*Given material*.
****************************************

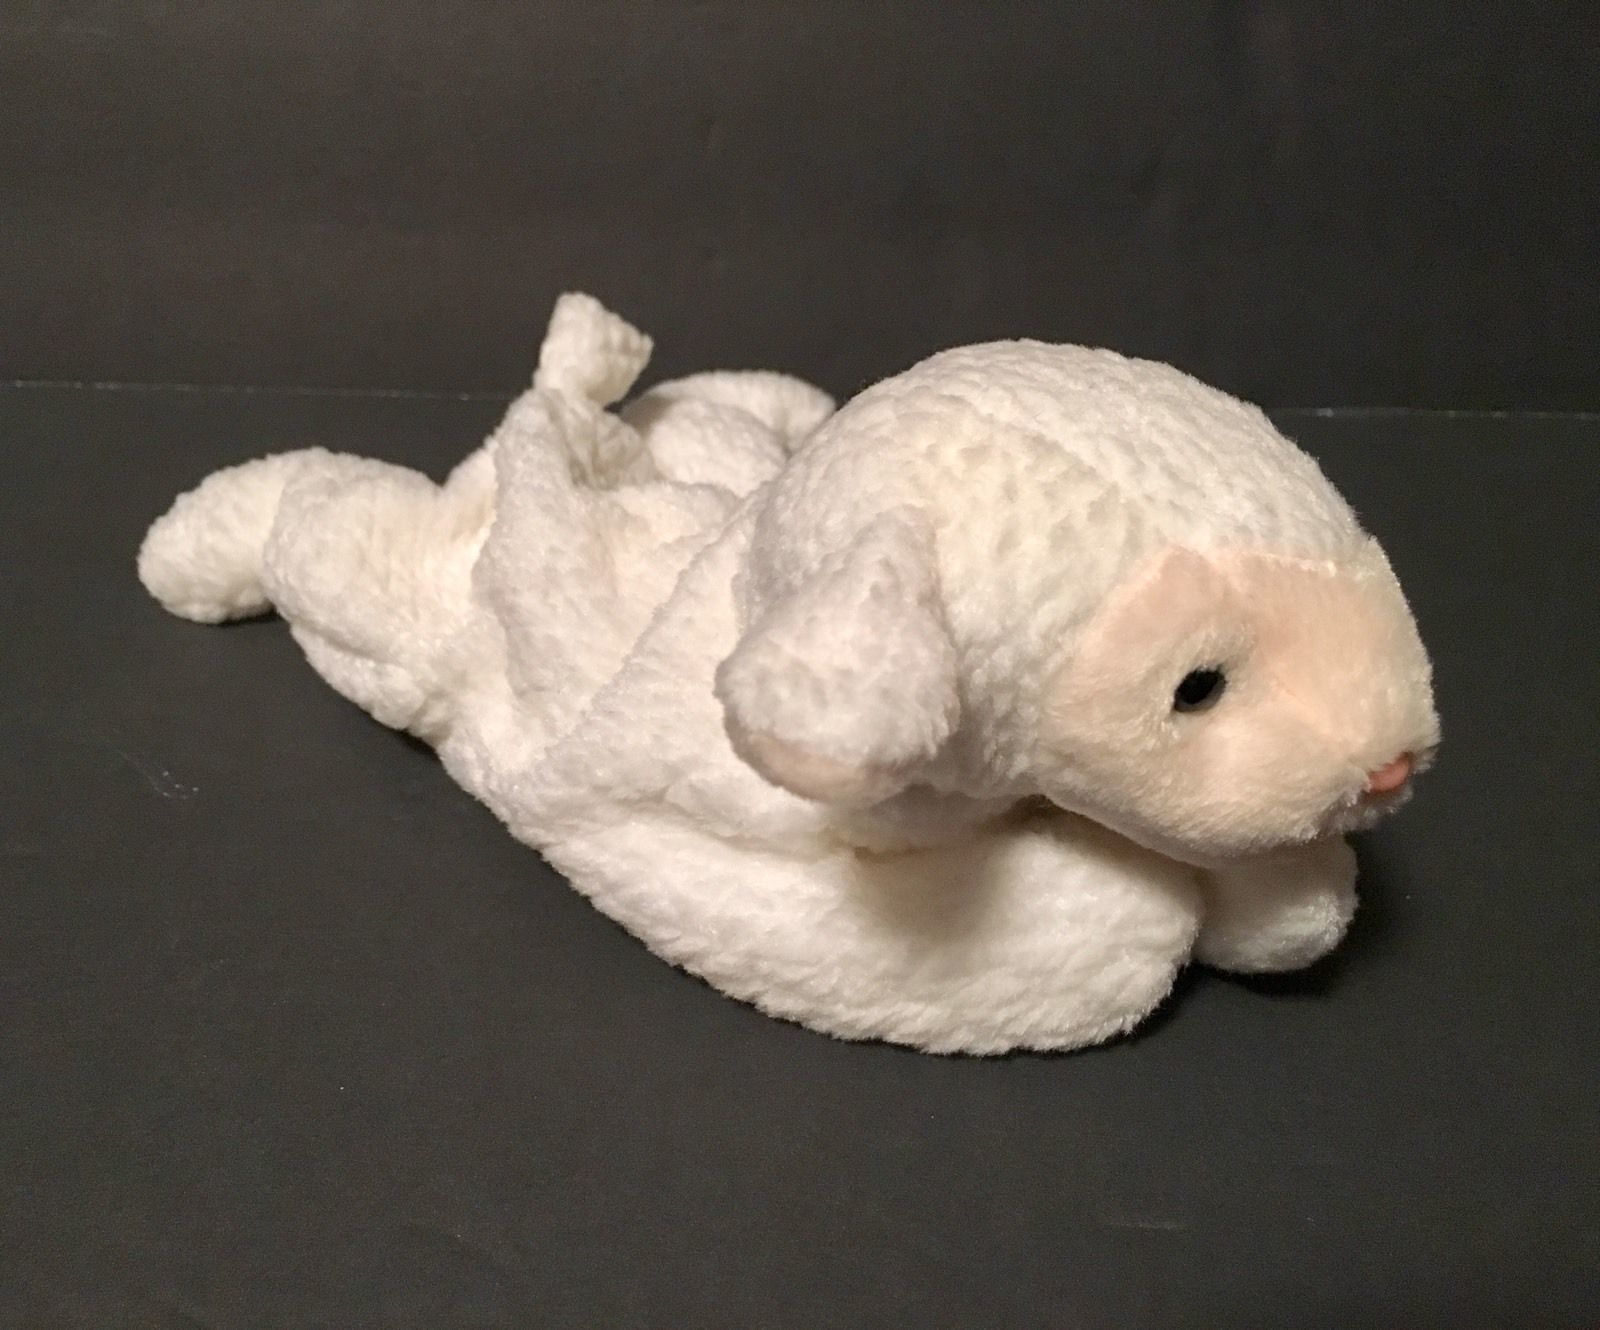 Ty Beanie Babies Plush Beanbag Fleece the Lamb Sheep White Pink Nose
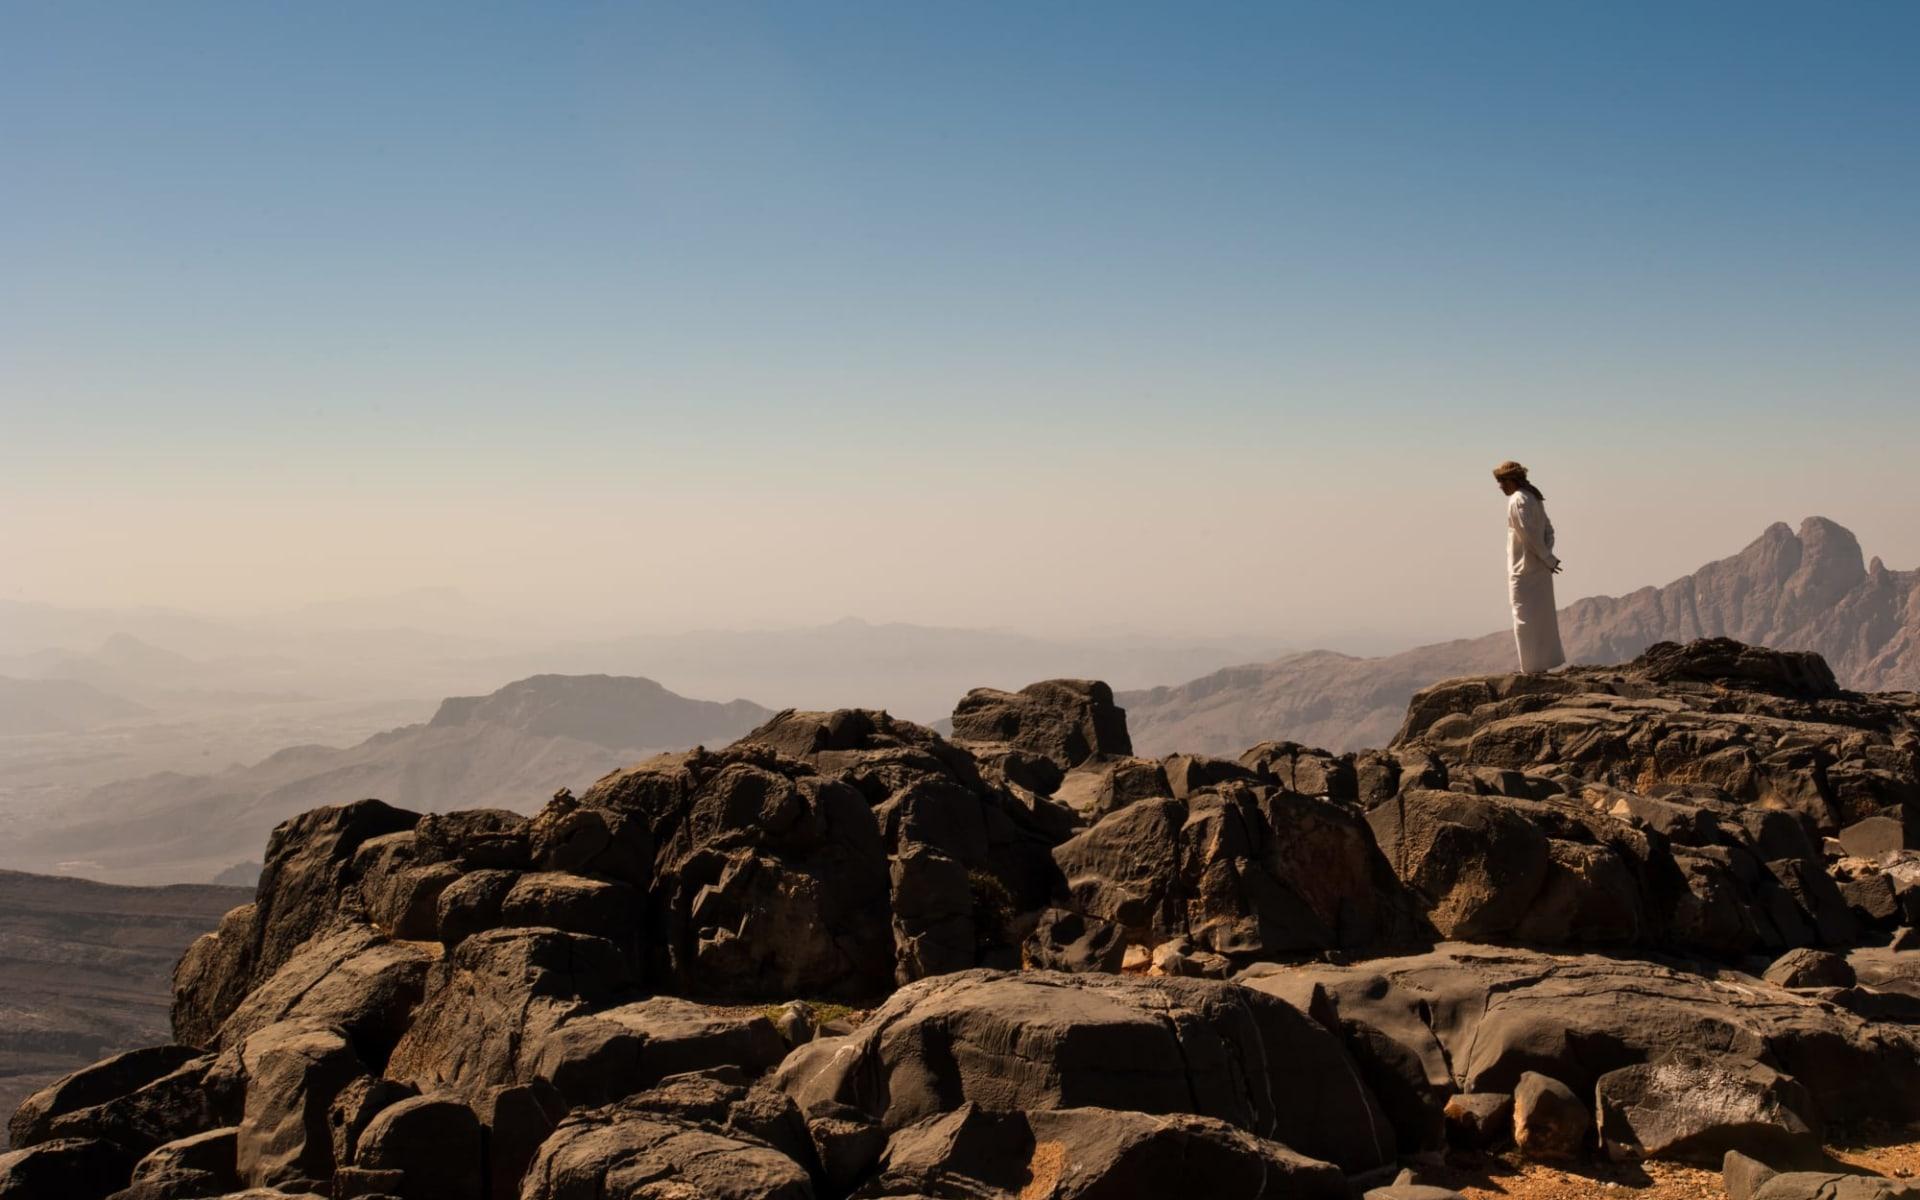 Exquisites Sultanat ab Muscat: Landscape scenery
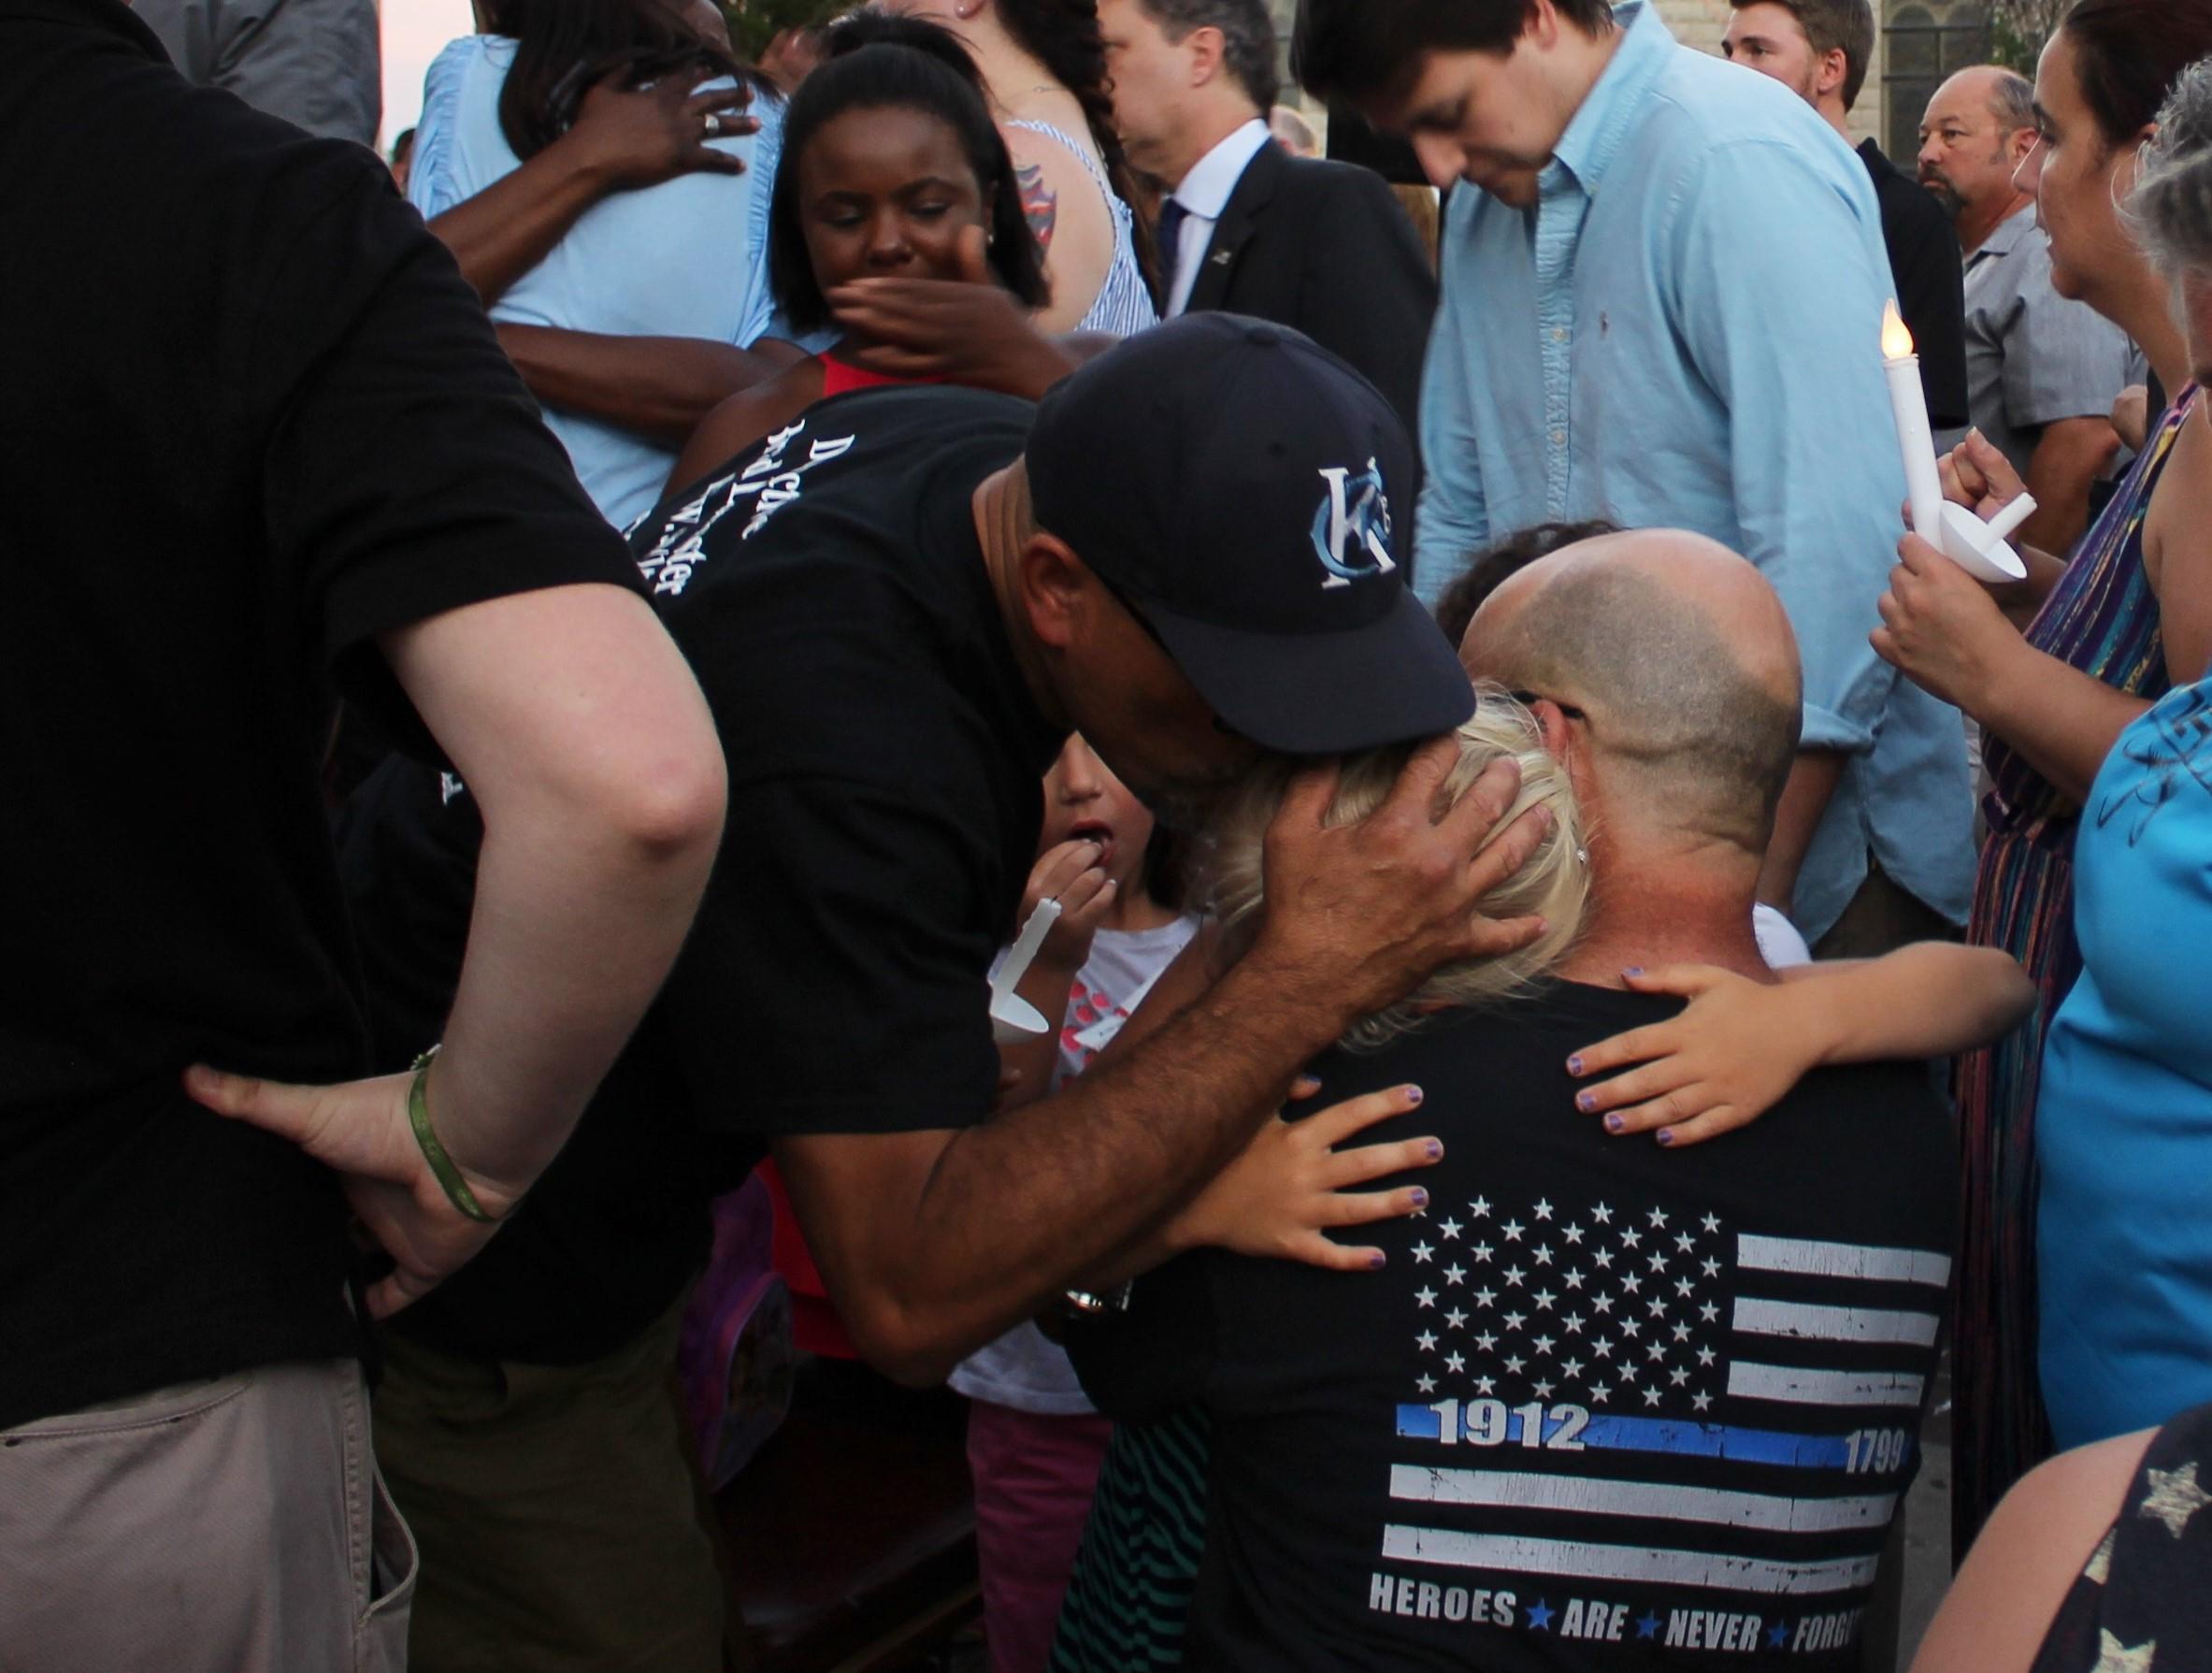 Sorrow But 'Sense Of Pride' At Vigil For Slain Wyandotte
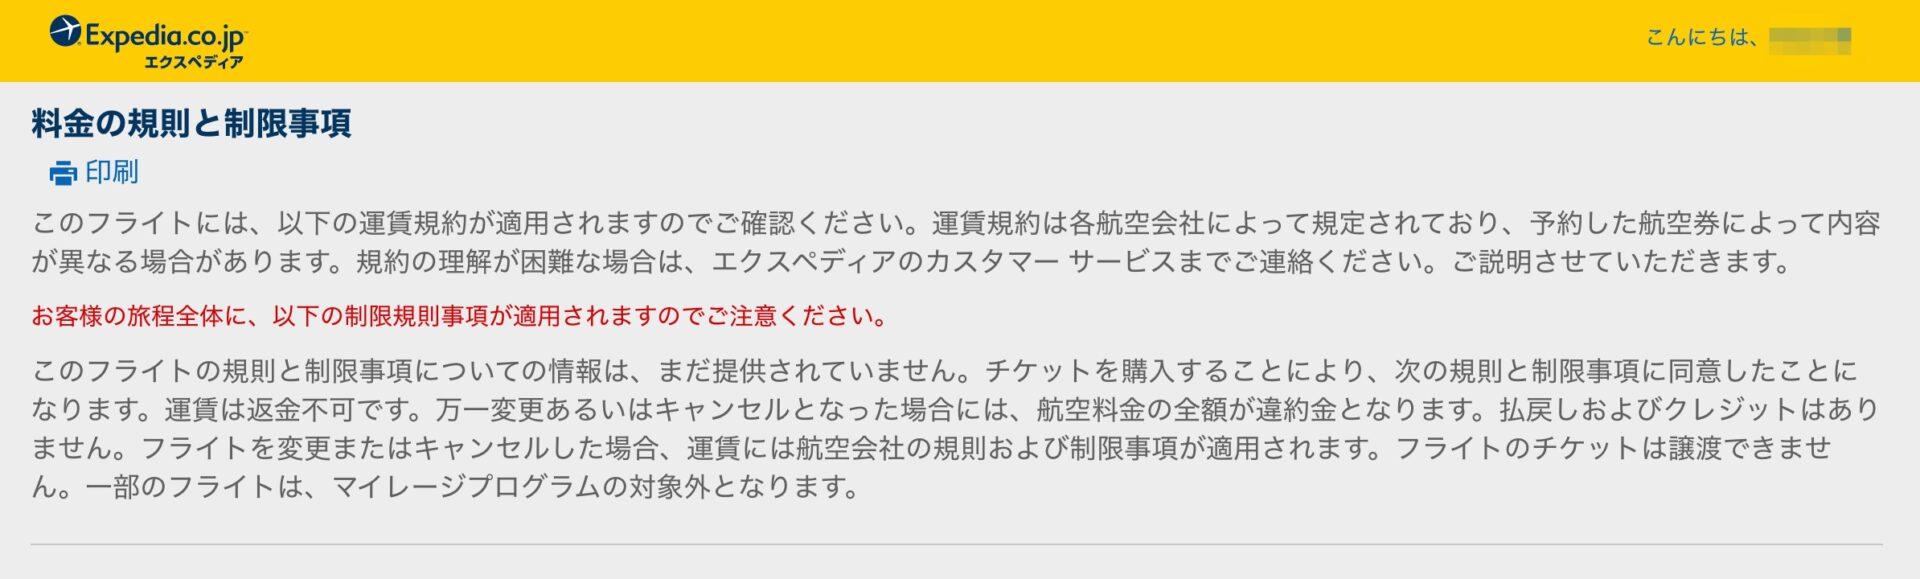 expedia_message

****************************************

After removing the pictures, transcribe the listing above exactly.

 Ty Beanie Babies Plush Beanbag Fleece the Lamb Sheep White Pink Nose
 Exquisites Sultanat ab Muscat: Landscape scenery
 Sorrow But 'Sense Of Pride' At Vigil For Slain Wyandotte
 expedia_message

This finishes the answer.